In their newly released memoir, It's a Long Way to Florida, authors Brooke and Patricia Sadler share the extraordinary story of how a 1,200-mile honeymoon road trip evolved into a 20-year, 30,000-mile missionary journey across three continents. The book, published by Brooke & Patricia Sadler and available through major online retailers, offers a gritty, honest account of modern missionary life, emphasizing that divine detours often become the destination.
The narrative begins in 1957 with a simple lakeside wedding in Michigan and a brand new red Falcon car intended to carry the newlyweds to St. Petersburg, Florida. However, a series of divine interventions rerouted their journey, leading them to spend decades serving communities in Sri Lanka and Pakistan. The memoir details harrowing experiences, including a 12,000-mile overland family road trip from London to Sri Lanka through military checkpoints and surviving national food famines and economic collapses.

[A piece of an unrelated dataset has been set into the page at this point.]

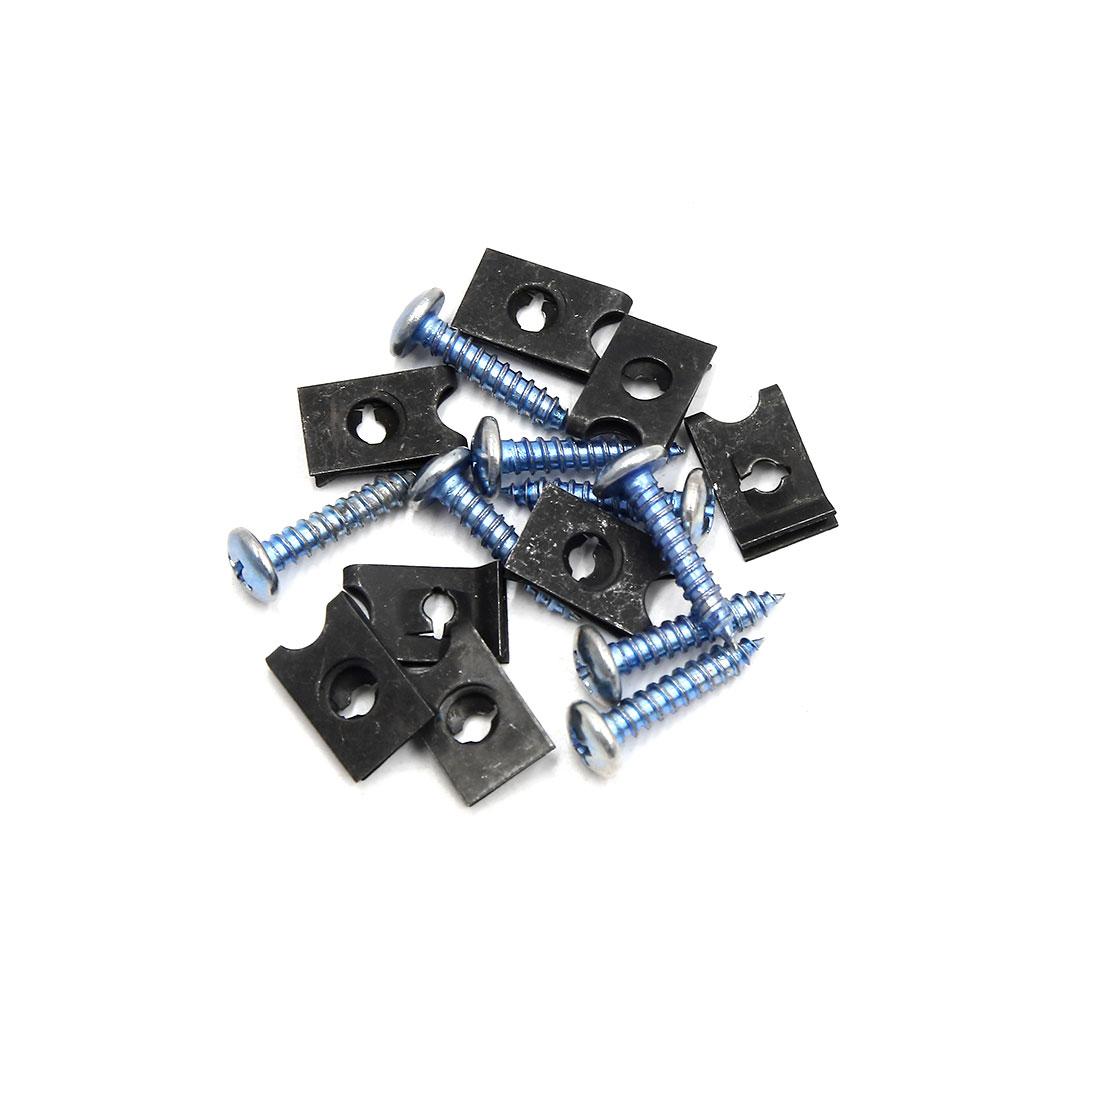 8PCS 4mm Thread Dia License Plate Fairing Bolts Clips Kit for Car w Screws

Among the remarkable accounts is how Brooke Sadler illegally smuggled truckloads of flour past five armed military checkpoints during a government-declared famine to feed starving church workers in Colombo. The book also highlights a profound, decades-long friendship with a local Buddhist High Priest that ultimately saved their mission school's land from government seizure. Perhaps most moving is the couple's decision to open their home to vulnerable children, eventually welcoming more than 80 orphaned children into their family, sparked by a poignant question from their adopted daughter, Pami.
"We never could have mapped out the life we lived," says co-author Brooke Sadler. "Every time we faced an impossible logistical problem or a dangerous crisis, the answer arrived in a way we never could have engineered. We wrote this book to remind readers that when God redirects your route, the detour is very often the destination."
Now mostly retired and residing in Greeneville, Tennessee, the Sadlers continue their entrepreneurial spirit by operating Nolichucky Cabins, a mountain retreat and glass wedding chapel. The memoir serves as a practical template for living by faith, offering readers a powerful reminder that following where one is led can yield a life richer and more purposeful than any planned itinerary.